Before I can explain feeling God’s call to study Nehemiah, I must first explain some of my own personal history. As a child, I was sexually abused by my dad. My faith in God was strong, even as a child, which was started my personal healing. Over the years, God healed the wounds the way only He could and our relationship grew stronger. Since my earthly father did not show me what a father should be, I clung to the promise that God said in Psalms 68:5 “A father to the fatherless, a defender of widows, is God in his holy dwelling.” Through that process, I found myself praying for my dad, and by the time I was in college, I found myself dropping the burden of unforgiveness toward my dad.
My dad was an alcoholic and was emotionally abusive toward the whole family, which left us a broken family after my parents divorced.

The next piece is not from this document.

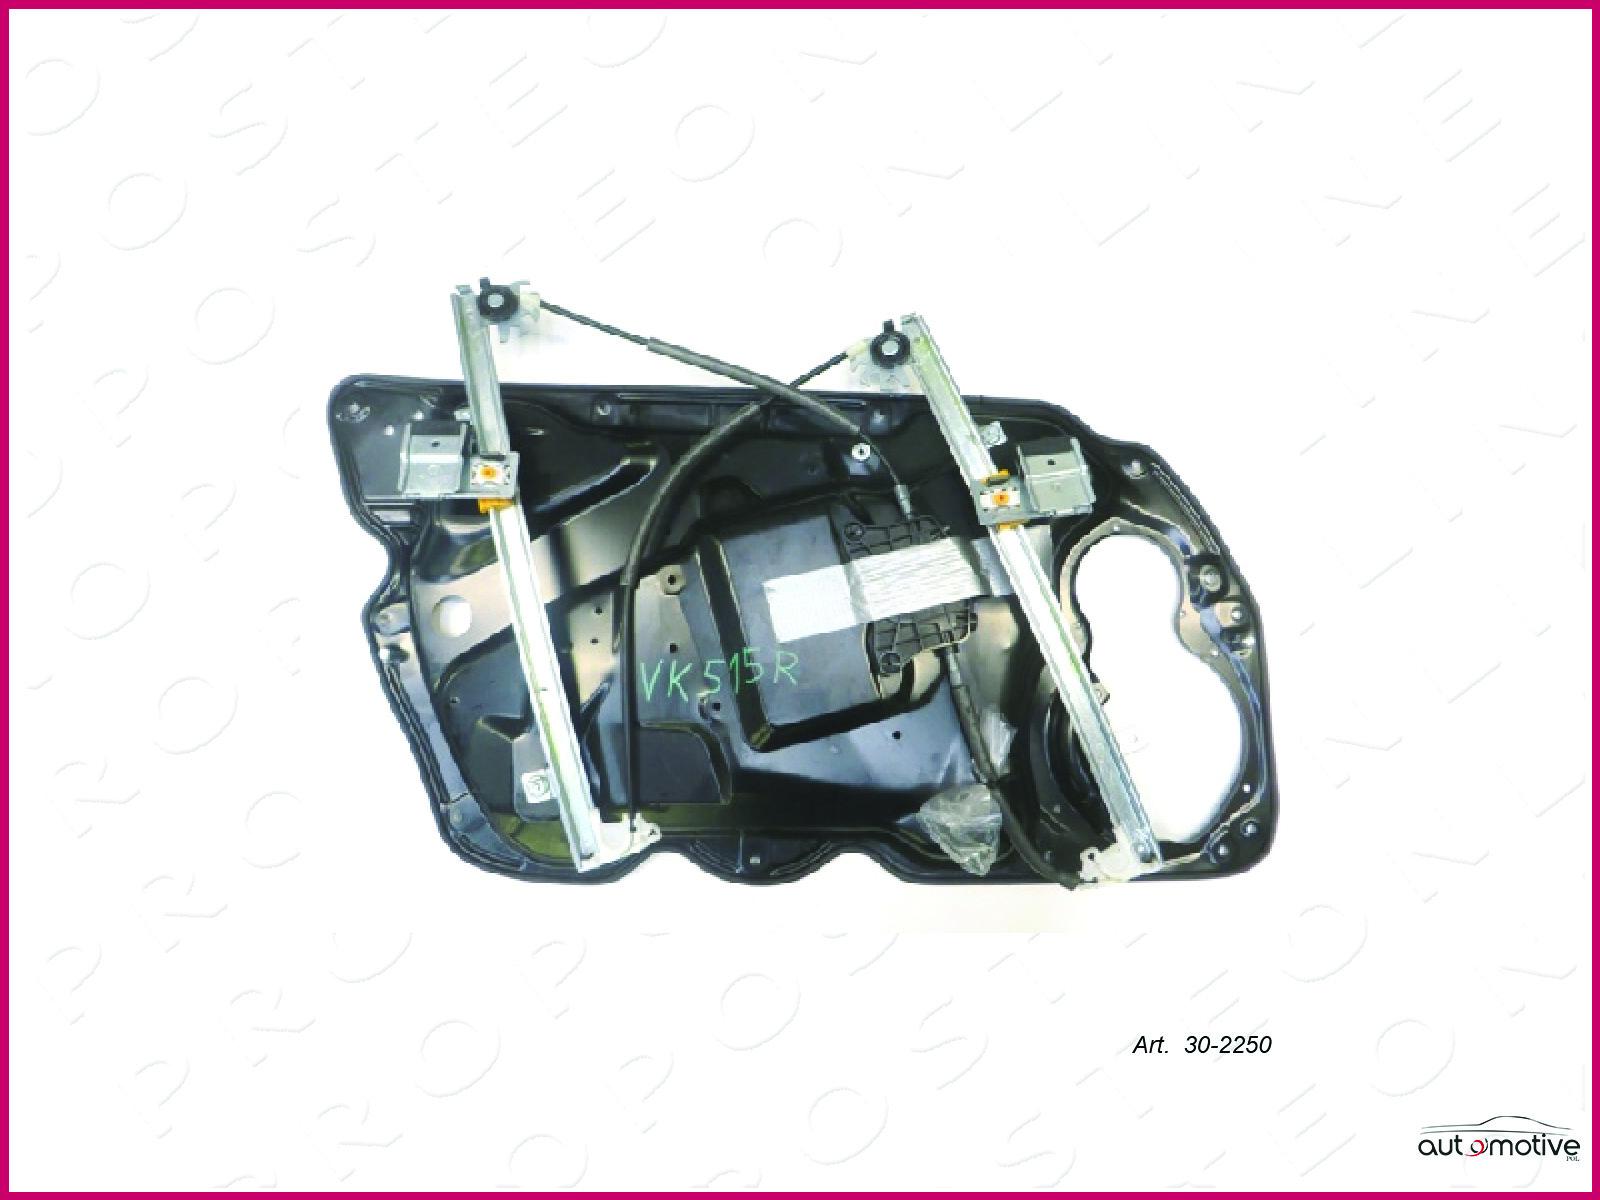 Panneau-Mecanisme-Vitres-Anterieur-Droit-Volkswagen-Passat-3C-5P-2005-2011

There are members in my family who do not speak to each other, which is not what God intended for the family. Being a wife of a children’s pastor, I feel a strong desire to see healthy families raising children with deep roots in God. I have ministered to children and parents alongside my husband and have prayed over my husband and children; however, God has recently shown me that I had given my own family up as a lost cause.
In Isaiah 61:3-4, God says, “…and provide for those who grieve in Zion – to bestow on them a crown of beauty instead of ashes, the oil of gladness instead of mourning, and a garment of praise instead of a spirit of despair. They will be called oaks of righteousness, a planting of the LORD for the display of His splendor. They will rebuild the ancient ruins and restore the places long devastated; they will renew the ruined cities that have been devastated for generations.” I had always looked at this selection of scripture of how God has healed me and turned what was meant for my destruction and shame into beauty. I always felt that the rebuilding started with my own family - by not passing on the generational sins of my childhood family, and by raising my children to have a relationship with God. I still believe this; however, God has recently pointed out to me that I was not taking a look at a much larger picture. He asked me why I haven’t been praying for my childhood family.
With that conviction, I felt God leading me to study Nehemiah, which chronicles Nehemiah’s call for the rebuilding of the wall of Jerusalem. I felt led to fast during this time of study and to ask for others to lift me up in prayer. I have three women praying for me and also studying Nehemiah. The following posts will be a documentation of this journey that God is leading me through.